Global Market Insights estimates that cloud providers will host the majority of data warehousing loads by 2025. But don’t take their word for it. Gartner estimates that 30 percent of data warehousing workloads now run in the cloud and that this will grow to two-thirds by 2024. Just a few years ago in 2016 the figure was less than 7 percent, also according to Gartner.
None of this should be a surprise. Even the core data warehouse technology providers have seen this trend and are spending the majority of their R&D budgets to build solutions for public cloud providers. Moreover, the public cloud providers themselves have “company killing” products, such as AWS’s RedShift, a columnar database designed to compete with the larger enterprise data warehouse players.

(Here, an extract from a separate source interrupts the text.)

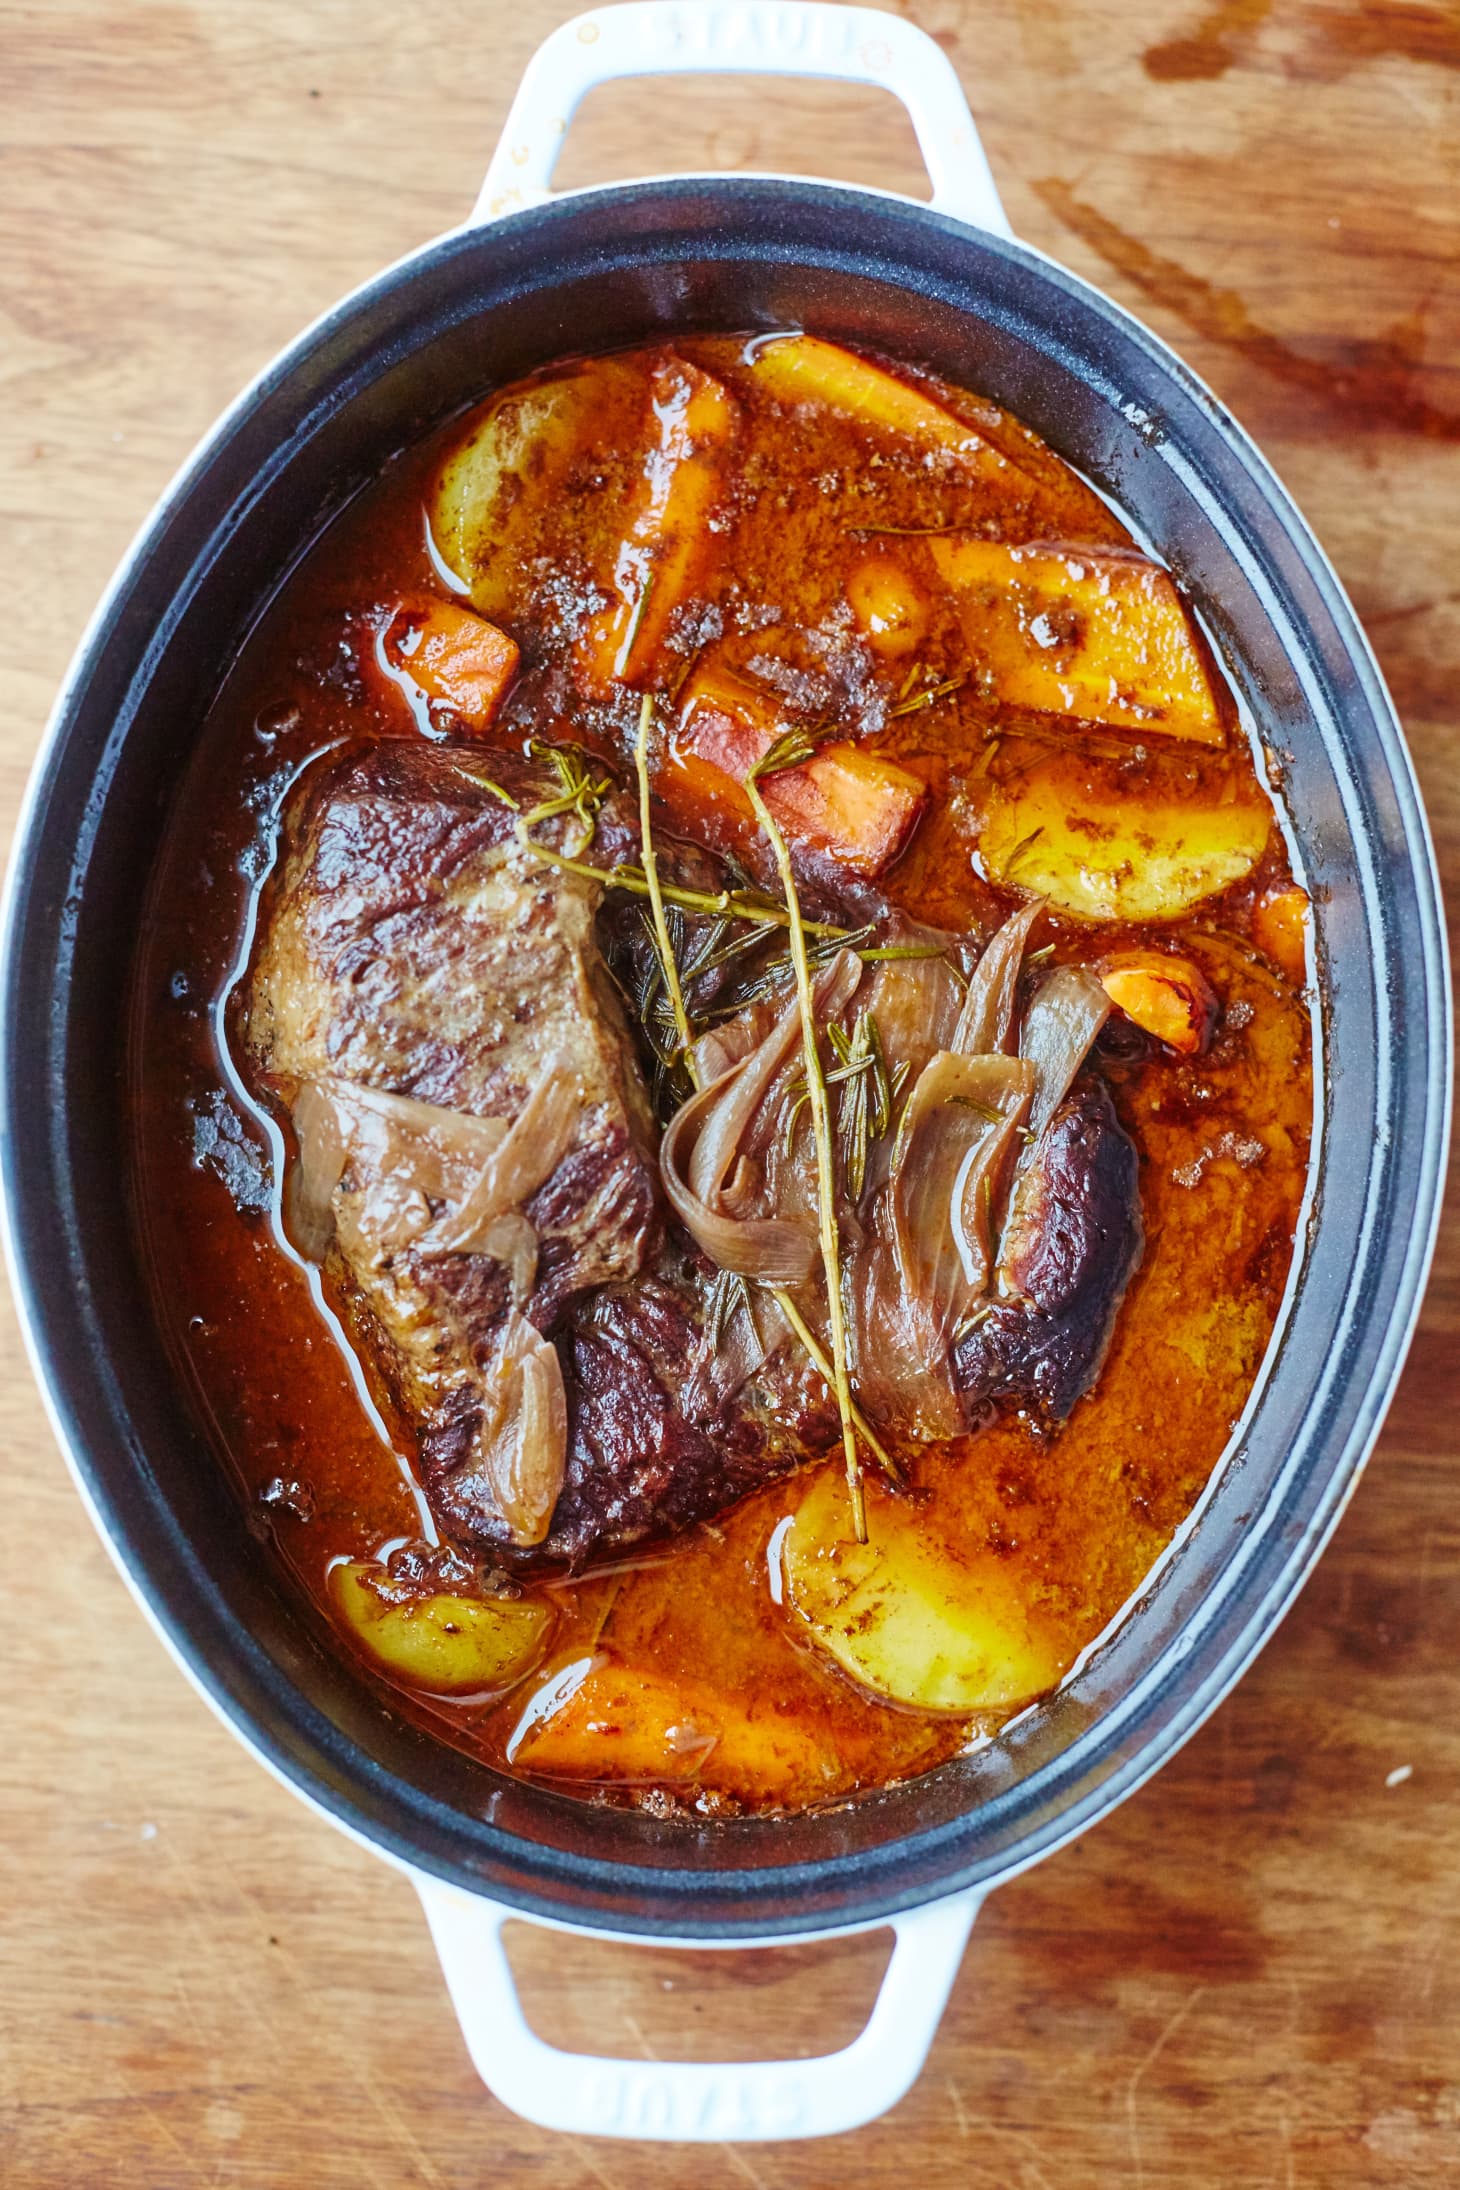 How To Cook Classic Beef Pot Roast in the Oven | Kitchn

Past impediments to building data warehouses and data marts on public clouds included a perception that security was still an issue on public clouds. Also petabytes of data were difficult to move from on-premises systems, considering that they had to be physically moved with portable storage systems. Finally, in many instances those running data warehouses on-premises could not find analytics tools to leverage locally and did not want to change.

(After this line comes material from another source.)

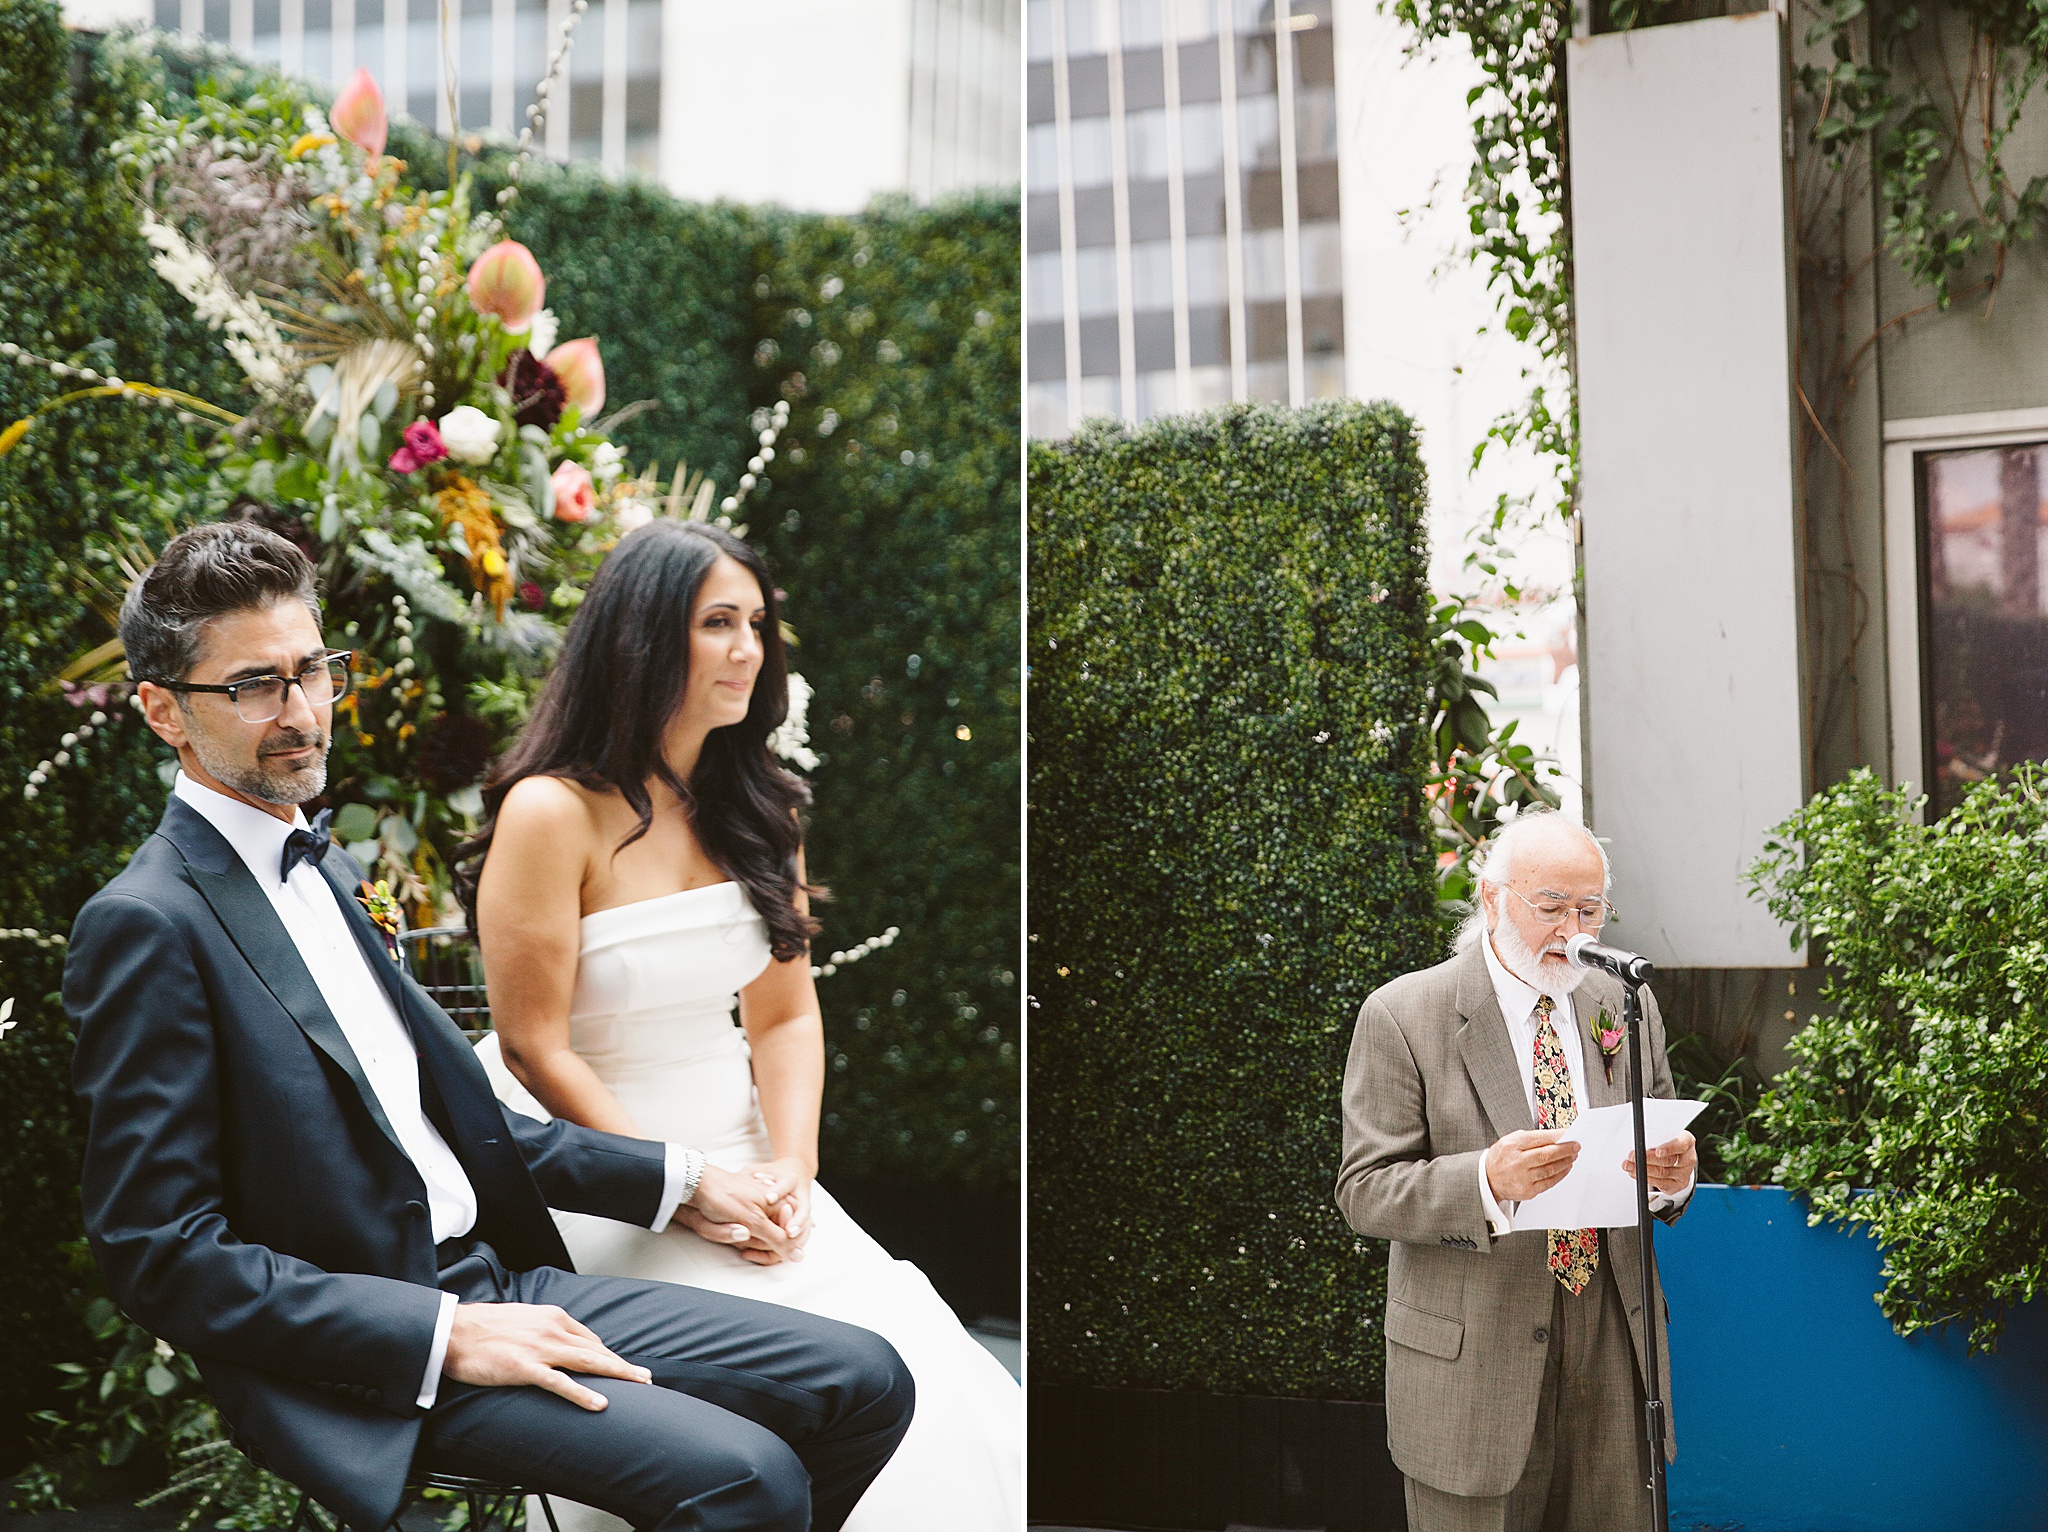 The line wedding pictures in los angeles

The reality is that all these blocks have been removed. Most were removed well before the people building and maintaining data warehouses understood that public clouds were far ahead of most on-premises tools. Today the cloud has better security, performance, cost, and analytics.
The real killer of on-premises data warehouses has been the rise of artificial intelligence on the cloud and the ability to integrate AI with traditional data analytics. AI is not new, but the ability to pay next to nothing for data intelligence, collocated with your data on the public clouds is. AI is a game changer, considering that data warehouses are also a source of training data that could span decades and provide business insights not yet achievable.
Another trend that has pushed many on-premises data warehouses to the cloud is the rising need to leverage transactional data directly for analytics. Data warehouses have been famous for just taking snapshots of transactional data and rolling it up into a data warehouse for analytics. This means that the information could be several weeks if not months old. More and more executives are asking for real-time dashboards that consider current data from transactional systems, such as sales order entry.
This means we’ll need to use transitional data using data abstraction layers to emulate analytical databases and bind them with AI systems to make the solution even more compelling. It should come as no surprise that this technology can be found from public cloud providers, either through native services or through their ecosystems and marketplaces.
So, on-premises data warehousing is pretty much dead. It’s survived by cloud-based data analytics and database technology that is easily augmented by cheap AI and the ability to deal with data in more innovative ways, such as using transactional data.
The movement to the cloud does a few things. First, it allows enterprises to finally consolidate data on a centrally accessible platform. Second, the data is typically more secure in the cloud. Finally, those who need to leverage the data are no longer restricted to the limitations of on-premises technology. These should be the last three nails in the coffin.